Any images in the records should be skipped; transcribe the rest exactly.

[Supplied data]

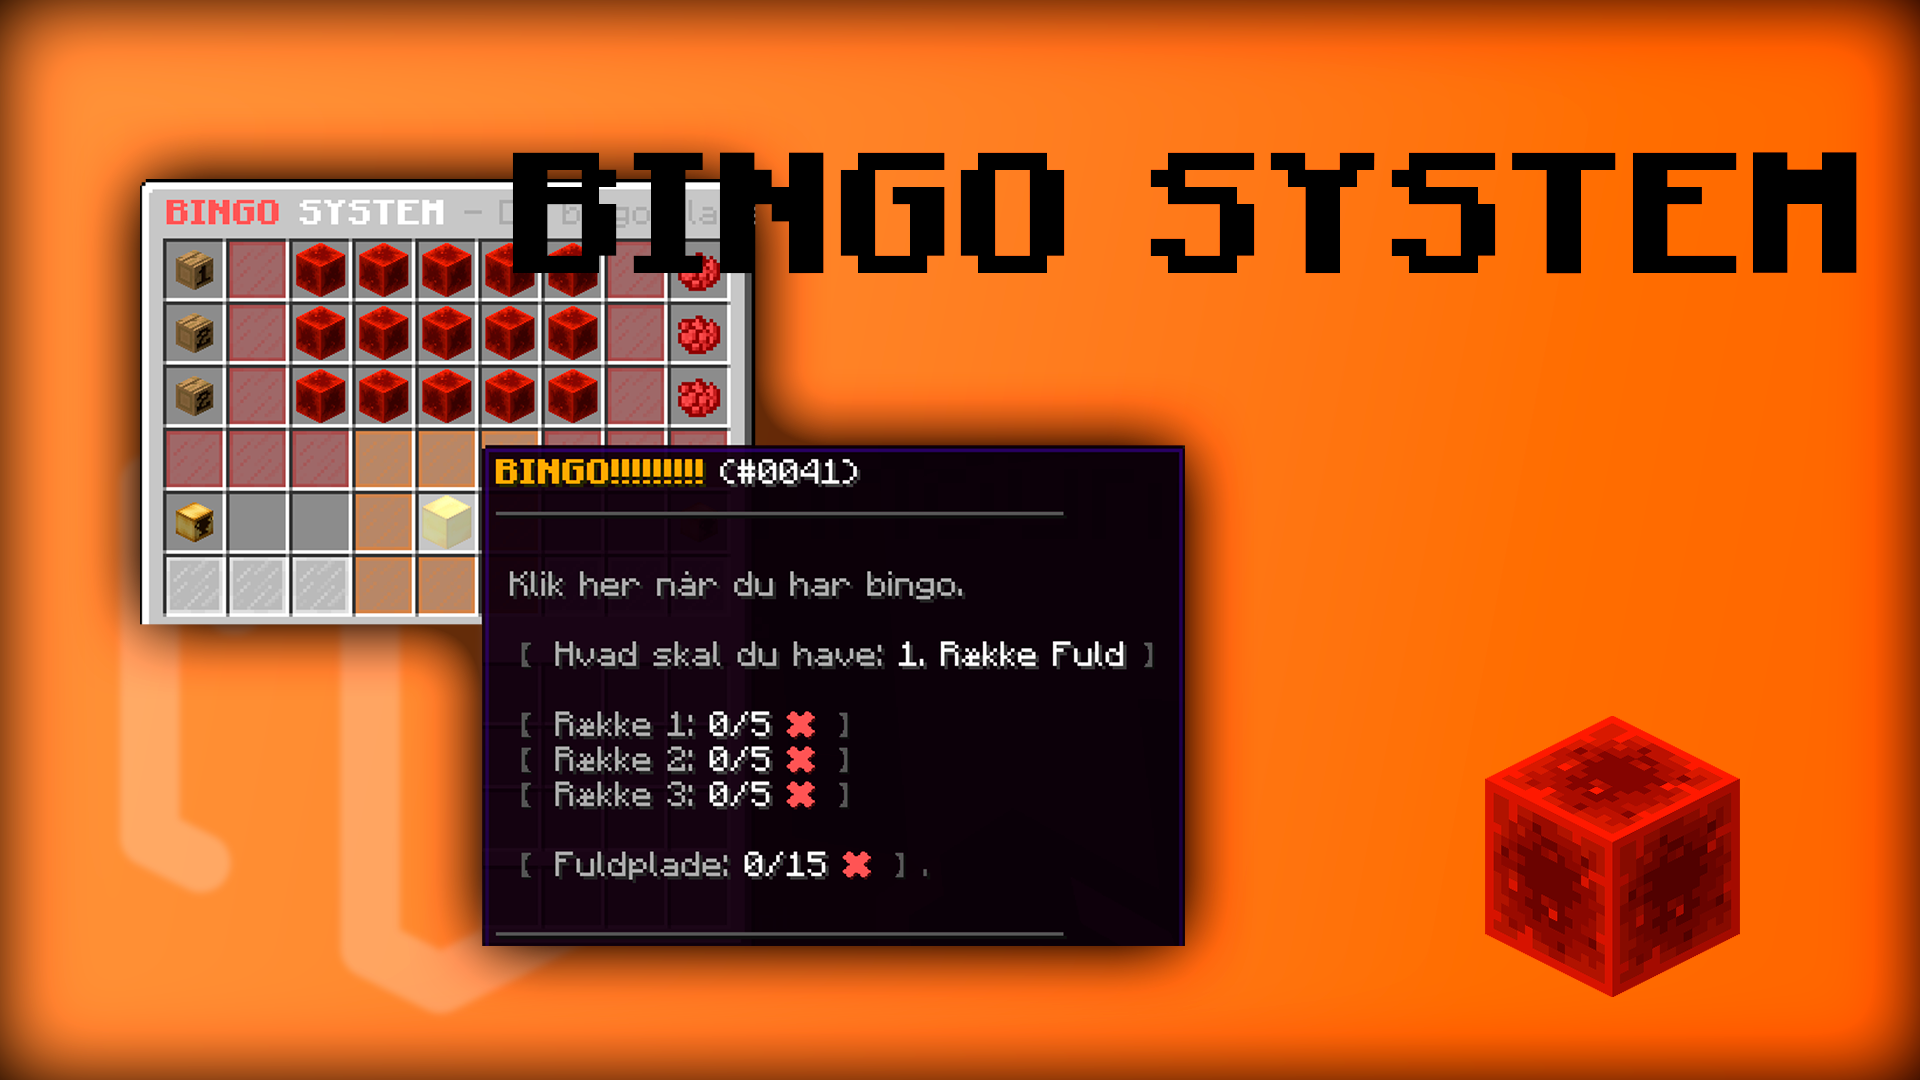 Bingo System
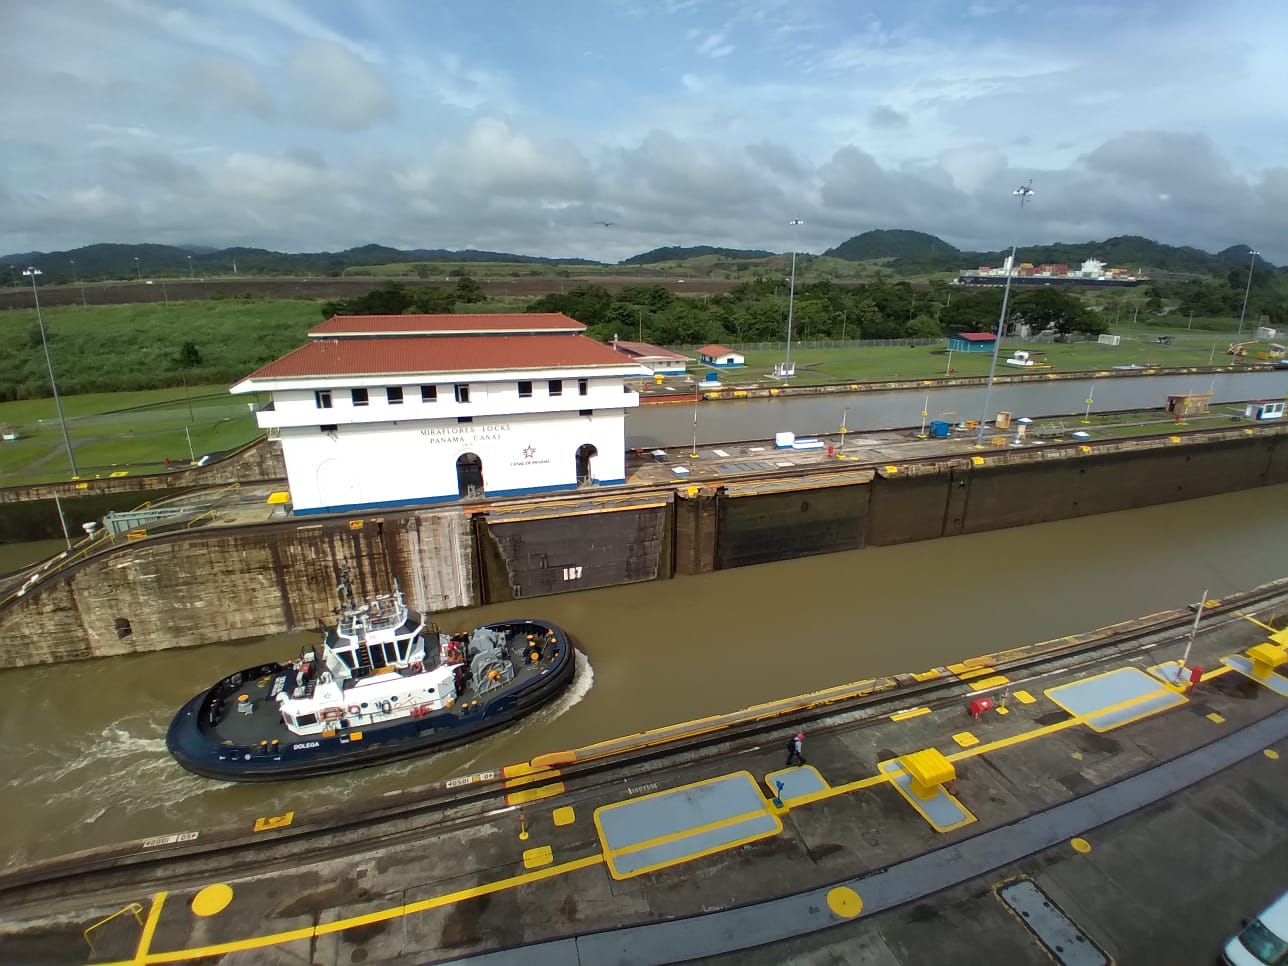 Canal de Panamá: 107 años conectando al mundo
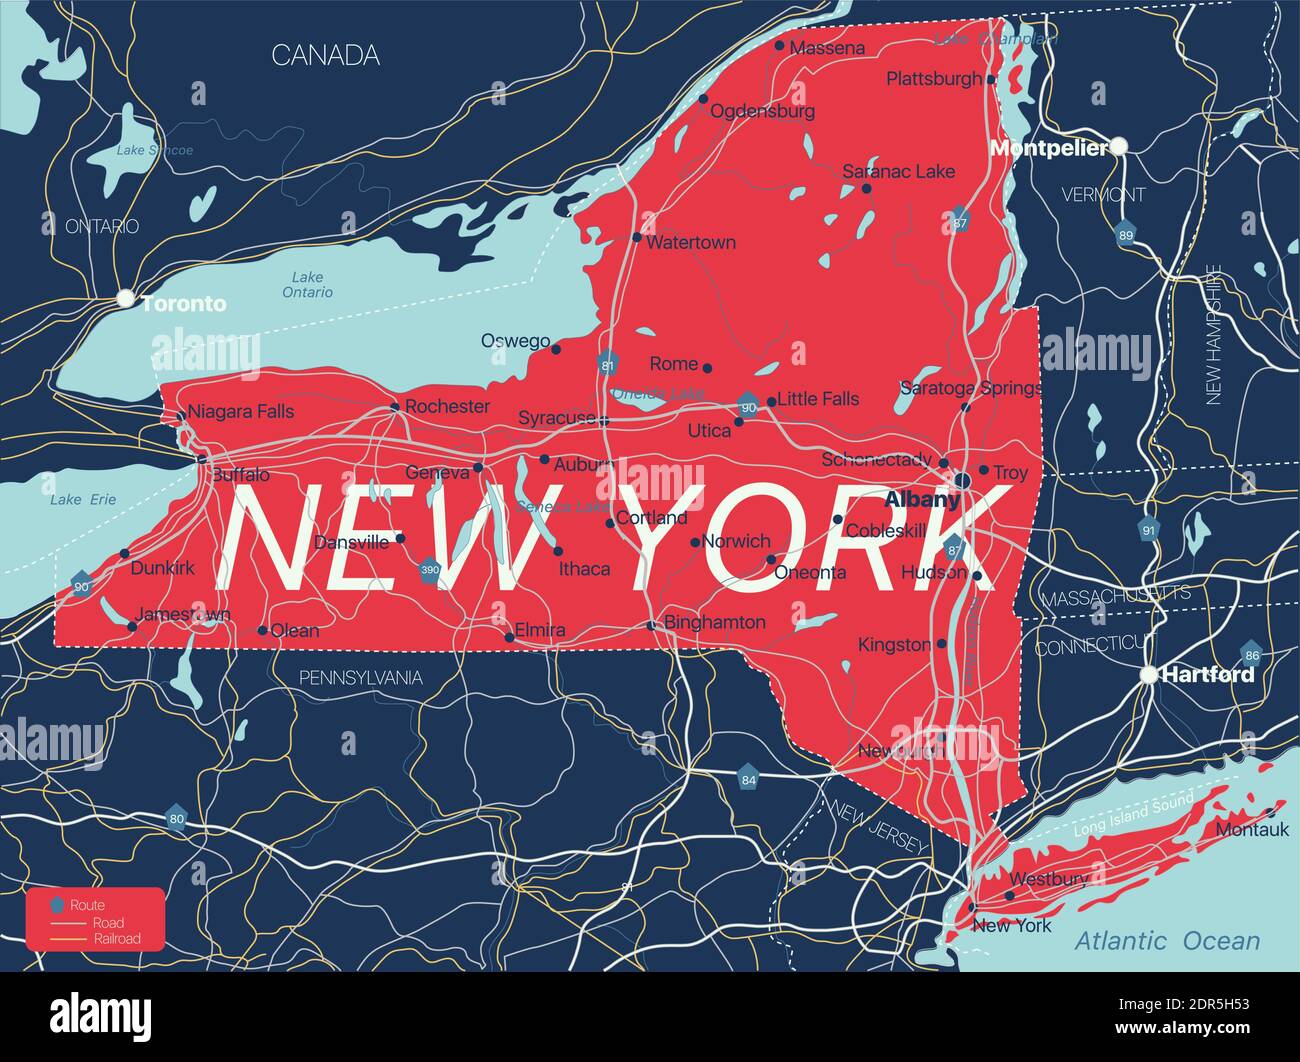 Stato di New York Mappa dettagliata modificabile con città e città, siti geografici, strade, ferrovie, interstatali e autostrade degli Stati Uniti. File vettoriale EPS-10, tren Illustrazione Vettoriale
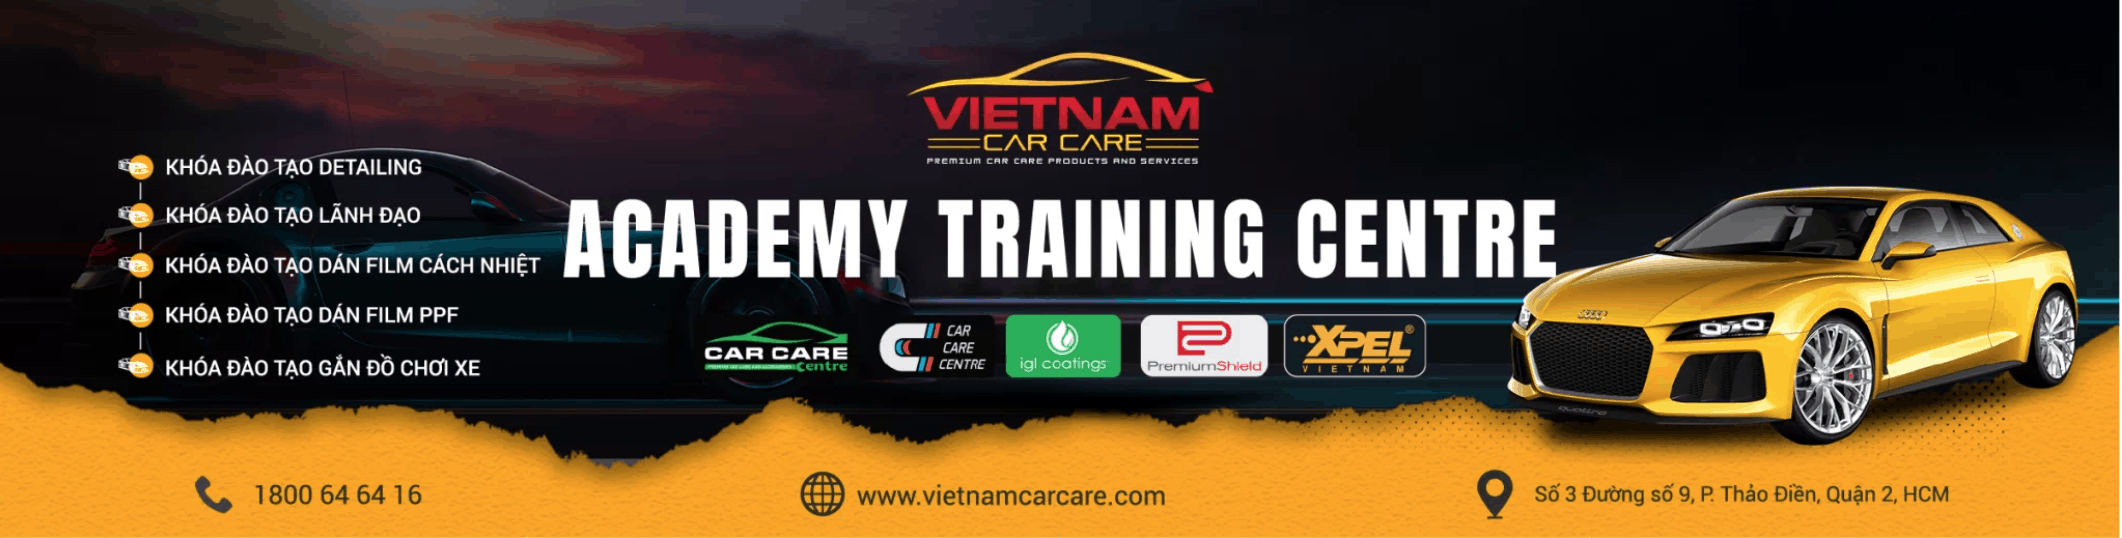 Vietnam Car Care Academy
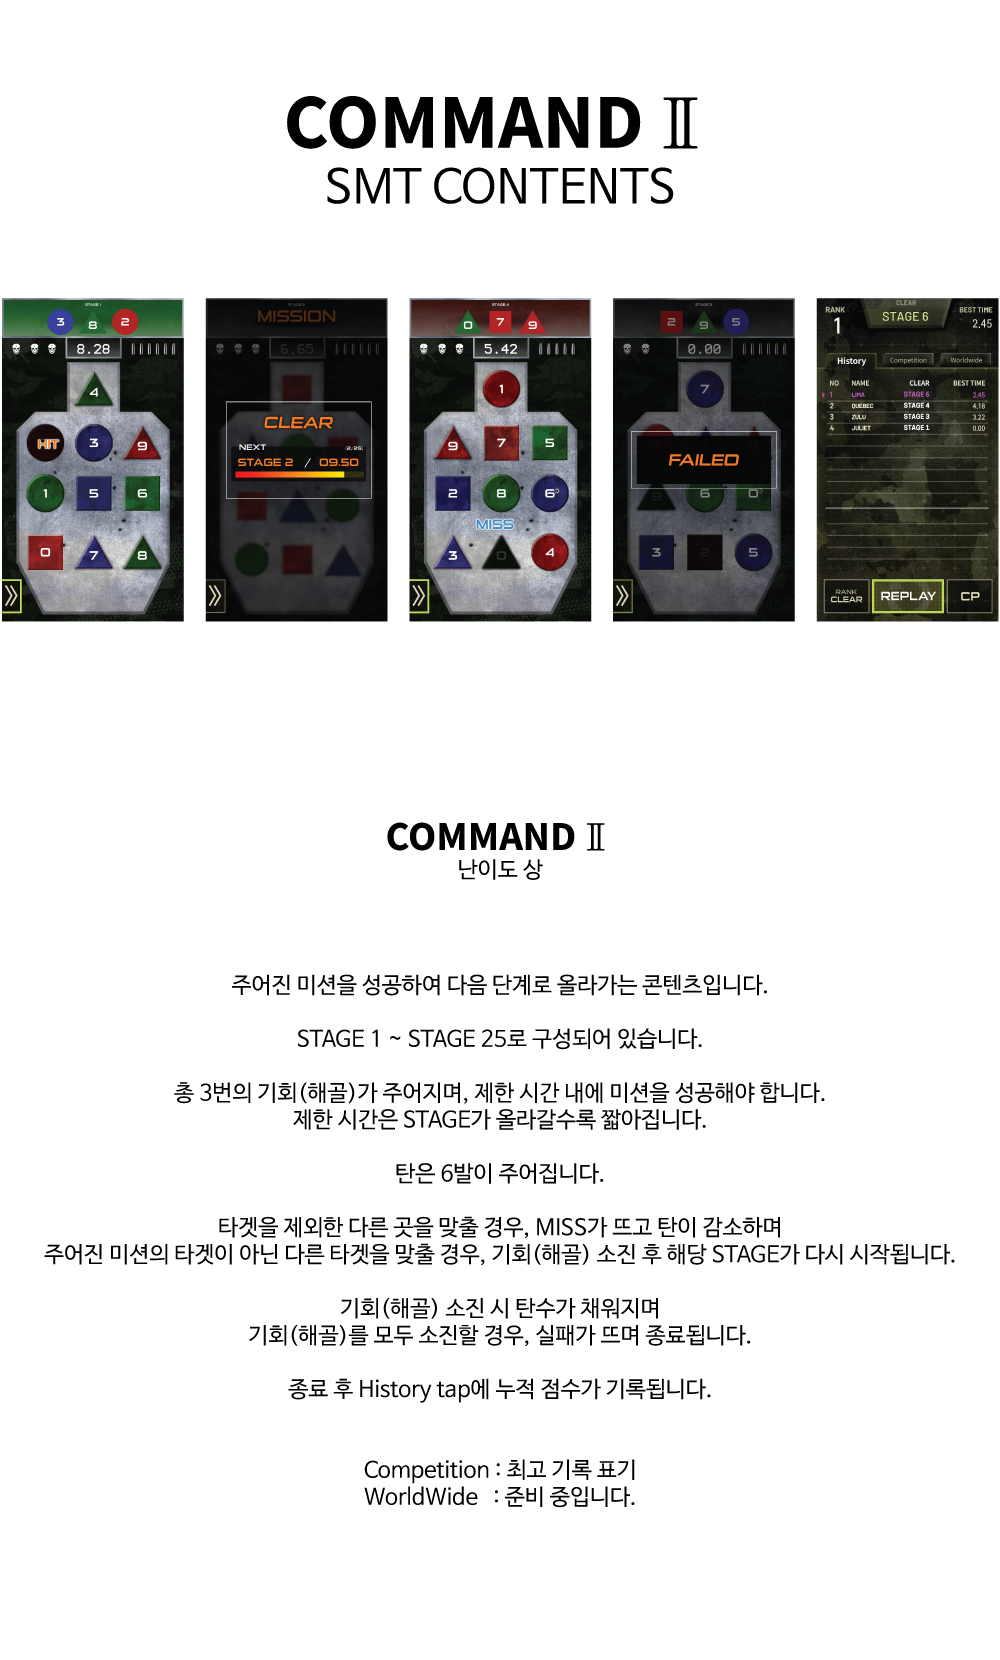 COMMAND II(Kor).jpg

[/Supplied data]

> **Completed task**
 Bingo System
 Canal de Panamá: 107 años conectando al mundo
 Stato di New York Mappa dettagliata modificabile con città e città, siti geografici, strade, ferrovie, interstatali e autostrade degli Stati Uniti. File vettoriale EPS-10, tren Illustrazione Vettoriale
 Vietnam Car Care Academy
 COMMAND II(Kor).jpg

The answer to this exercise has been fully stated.